▶ [EXERCISE AIM]: Skip all pictures. Set down only the lines starting at the line containing "Emmanuel Levy (1900-1986)" and running to the end of the listing.

▶ [EXERCISE DATA]:
-- Opening Marker --
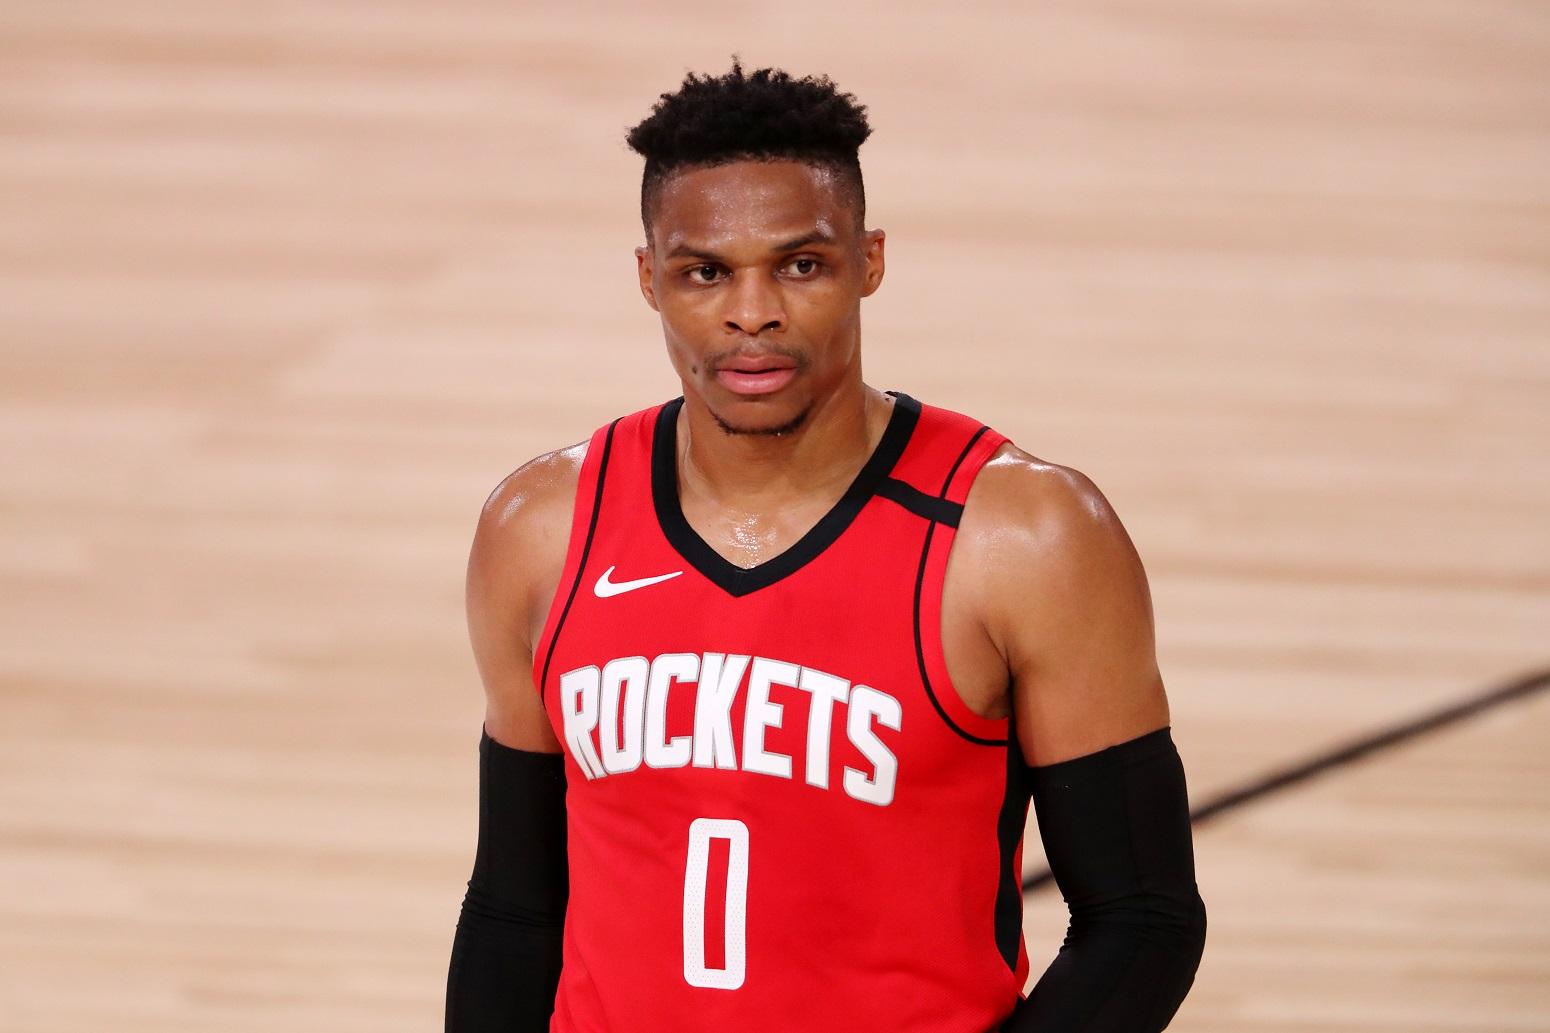 Russell Westbrook Rockets NBA
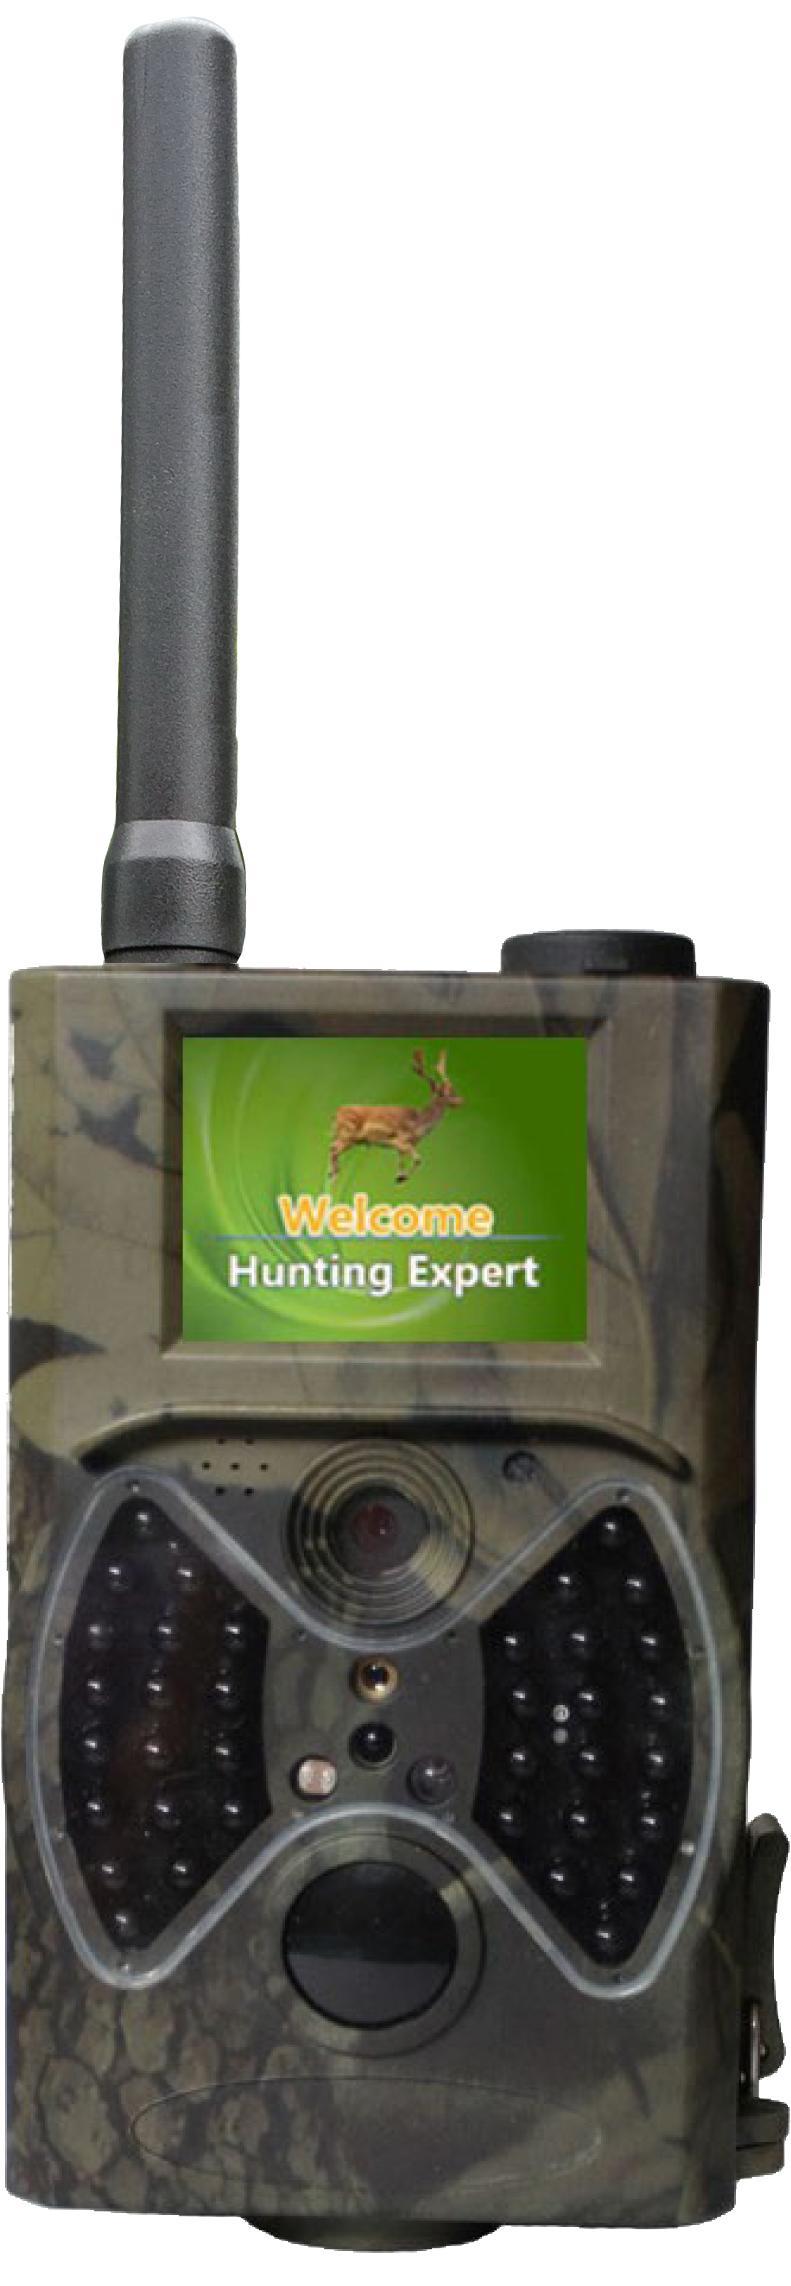 Denver WCM-5003 Wildlife Camera - WCM-5003 Digitālā kamera
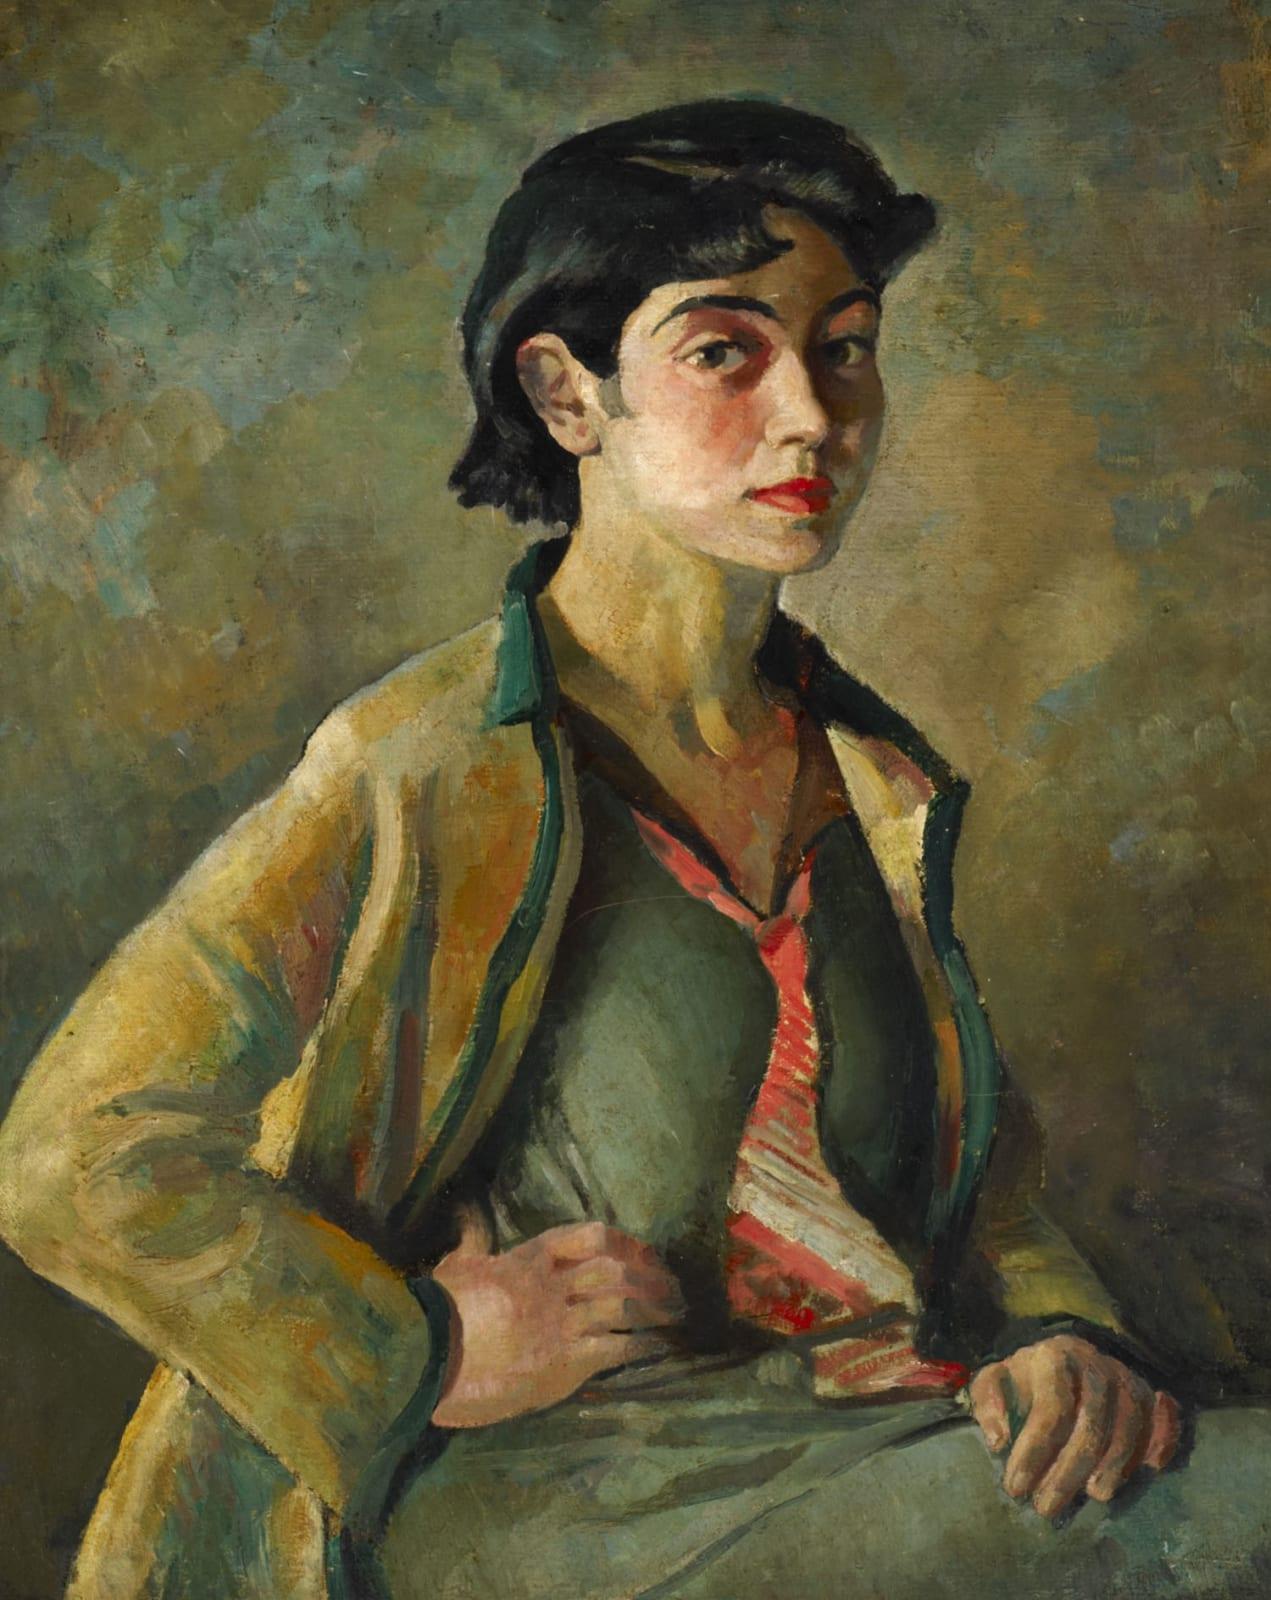 Emmanuel Levy (1900-1986) The Gold Jacket 1935 Oil on canvas 72 x 58 cm Ben Uri Collection © Emmanuel Levy estate
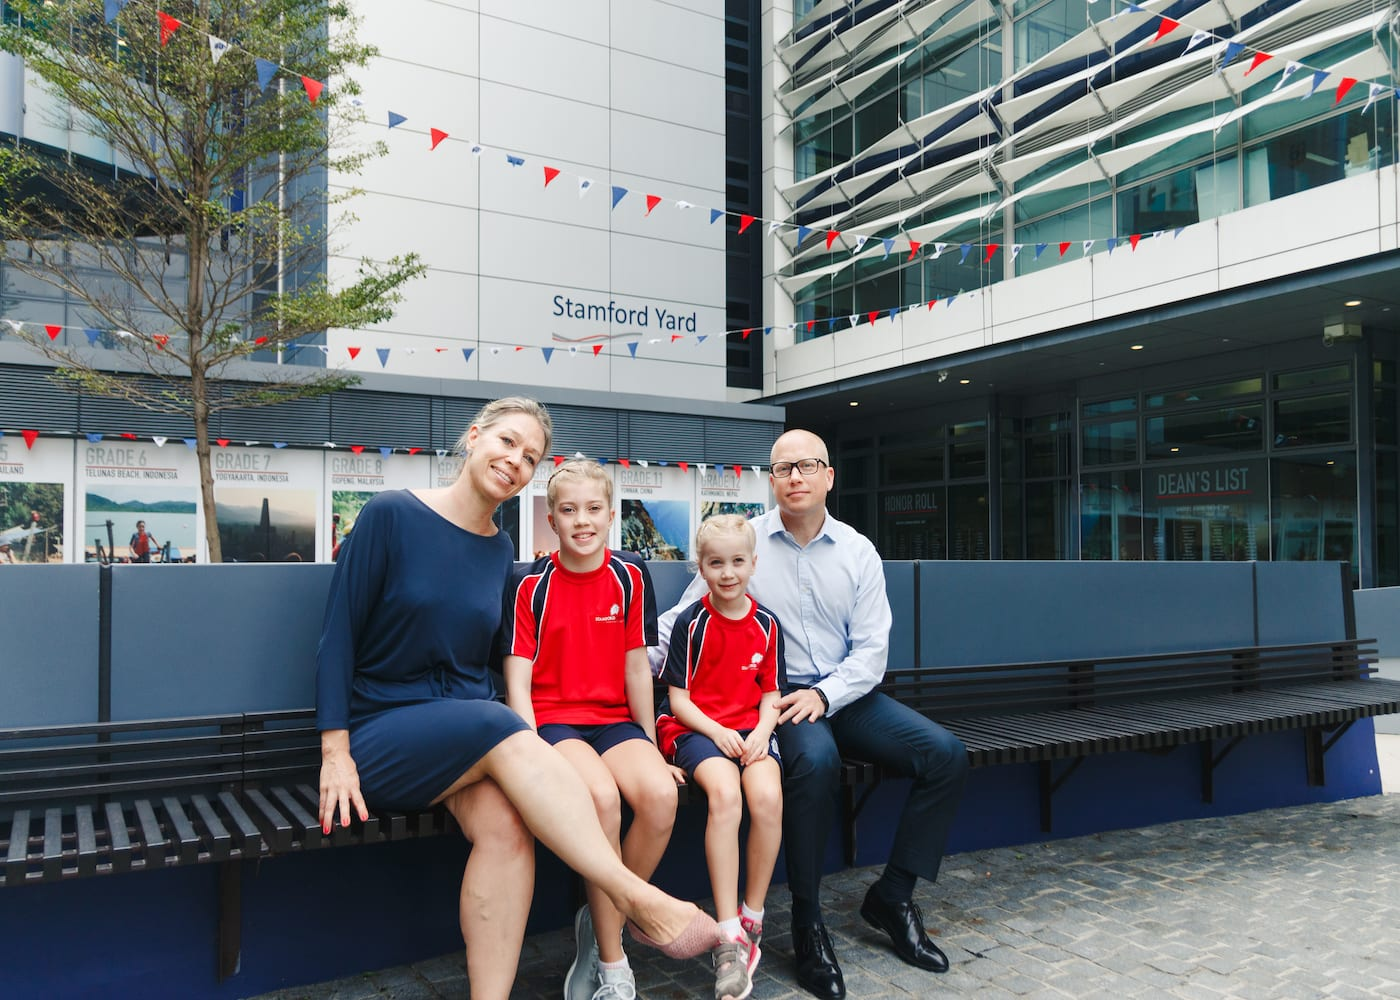 Charlotta Björn-Zanetti shares the amazing way Stamford American International School made her daughters feel welcome
-- Closing Marker --
▶ [FINAL ANSWER]:
 Emmanuel Levy (1900-1986) The Gold Jacket 1935 Oil on canvas 72 x 58 cm Ben Uri Collection © Emmanuel Levy estate
 Charlotta Björn-Zanetti shares the amazing way Stamford American International School made her daughters feel welcome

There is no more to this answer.